# can you make covers for uncovered hopper cars?



## NorthwestGarrattGuy (Oct 18, 2021)

the main industry we are gonna put on our railroad is going to be a brewery so we need covered hopper but they are hard to find in most road names and since i already have some uncovered hoppers can i just make lids for them or something?


----------



## Pete Thornton (Jan 2, 2008)

NorthwestGarrattGuy said:


> since i already have some uncovered hoppers can i just make lids for them or something


Why not? Good 3D print project!


----------



## NorthwestGarrattGuy (Oct 18, 2021)

Pete Thornton said:


> Why not? Good 3D print project!


good but um i can find any pitures of the tops of the 2 covered hopper avablible from piko


----------



## Pete Thornton (Jan 2, 2008)

NorthwestGarrattGuy said:


> i can find any pitures


Google is your friend. . .


----------



## Greg Elmassian (Jan 3, 2008)

Maybe not ha ha!


----------



## armorsmith (Jun 1, 2008)

You might try looking for someone with the Model Railroader Magazine DVD (or purchase one). Not knowing exactly what you are looking for, the following issues have covered hopper drawings.
8/52, 8/64, 2/74, 4/76, 7/93, 6/95, and 2/2000.

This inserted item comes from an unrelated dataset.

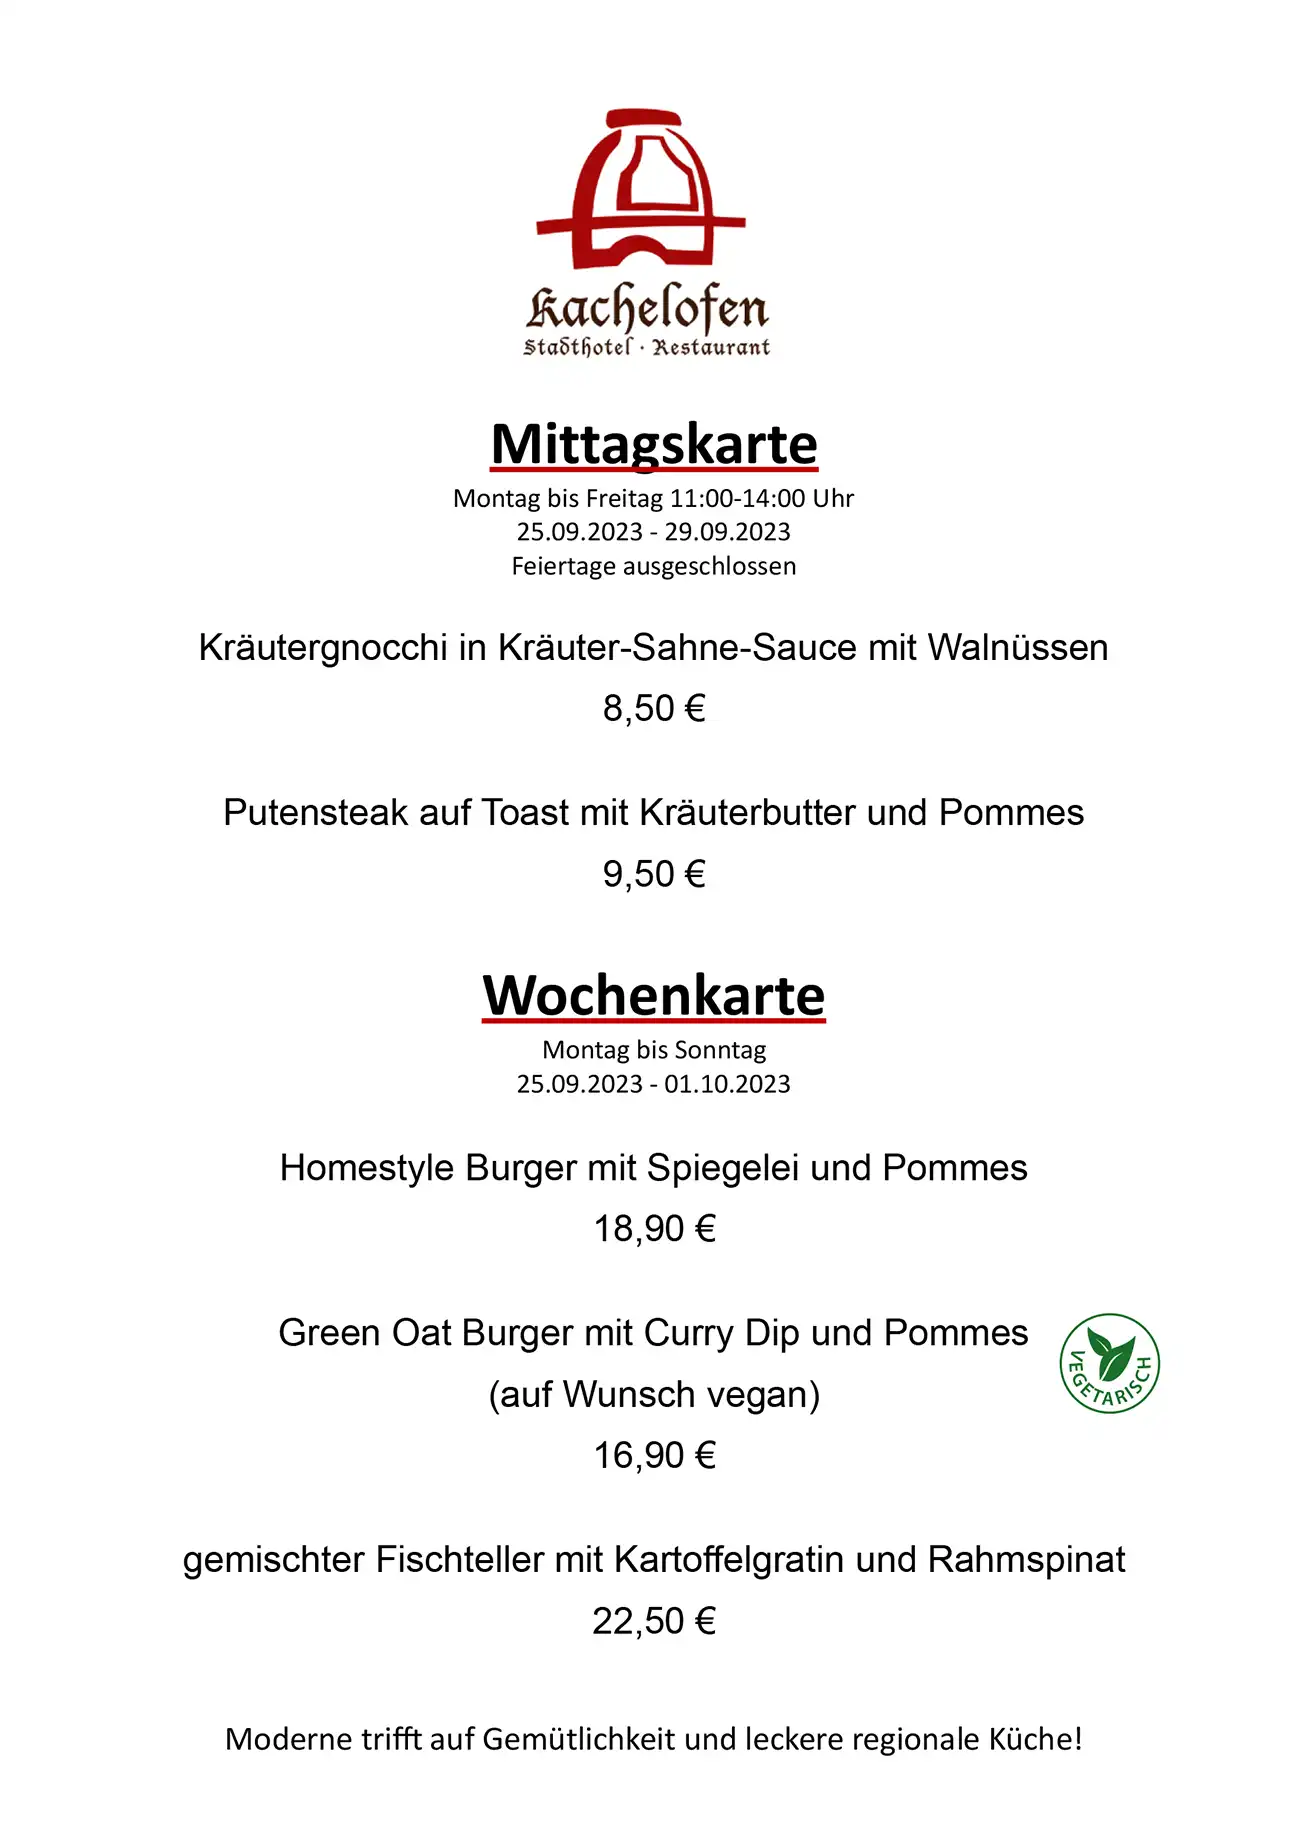 Mittagskarte und Wochenkarte Restaurant Kachelofen
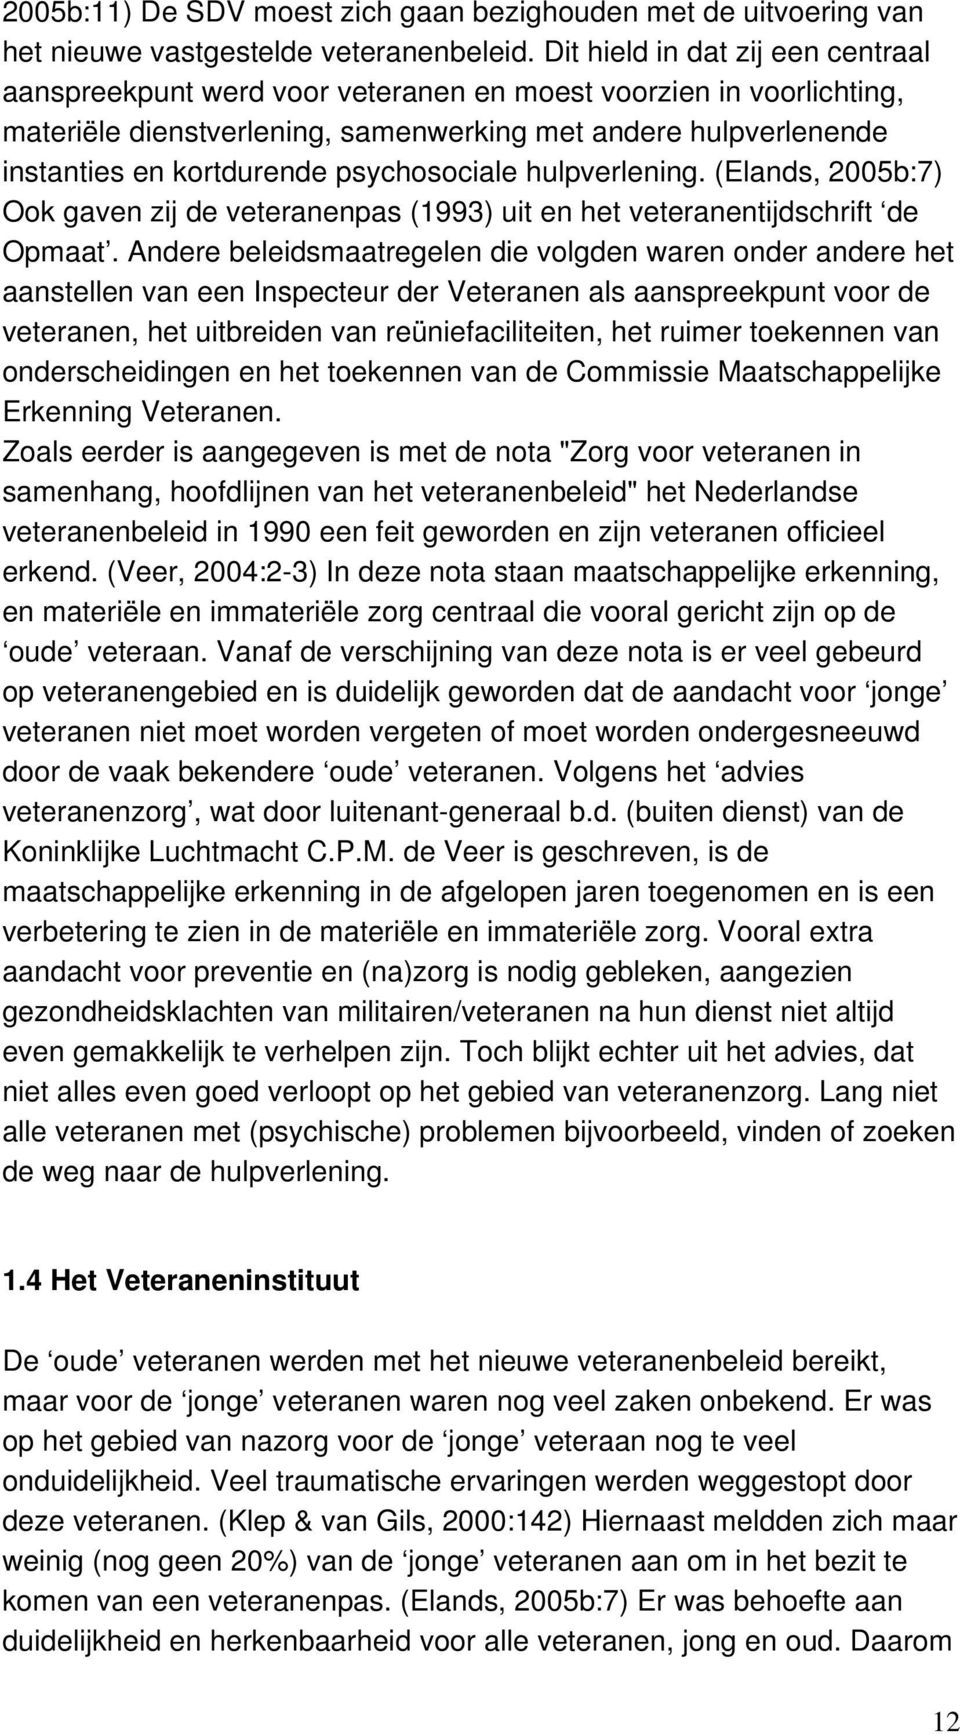 psychosociale hulpverlening. (Elands, 2005b:7) Ook gaven zij de veteranenpas (1993) uit en het veteranentijdschrift de Opmaat.

Hope this will help. Another thought, spend some time looking at YouTube videos, there are sometimes overhead shots of the trains. It is a long shot, but a fun one.


----------



## Greg Elmassian (Jan 3, 2008)

You can just barely see the "cover" on some of the Piko catalog pages, very simple, square hatches. Ribs between the hatches and a narrow walkway.

Here is a typical example (shown for the hatch detail)










Greg


----------



## NorthwestGarrattGuy (Oct 18, 2021)

Greg Elmassian said:


> You can just barely see the "cover" on some of the Piko catalog pages, very simple, square hatches. Ribs between the hatches and a narrow walkway.
> 
> Here is a typical example (shown for the hatch detail)
> 
> ...


thats actully really useful


----------



## Greg Elmassian (Jan 3, 2008)

There is a wide variation in covers, so anything similar will be prototypical.

Greg


----------



## NorthwestGarrattGuy (Oct 18, 2021)

Greg Elmassian said:


> There is a wide variation in covers, so anything similar will be prototypical.
> 
> Greg


ok i am basicly just trying to replicate one of the covers from the NYC grain hopper they make as a lid for my ATSF and Union pacific hoppers


----------



## du-bousquetaire (Feb 14, 2011)

A few years ago I gave the info that Piko was selling spare parts separatly. And if you have a Piko covered hopper, you can read on the instruction the part number. Then just order it from Piko. This would work for Piko cars and perhaps could be ajusted to MTH ones. I wouldn't give the link and E mail adress as I last used it about 7 years ago. You could order trucks, ends, brake gear etc.


----------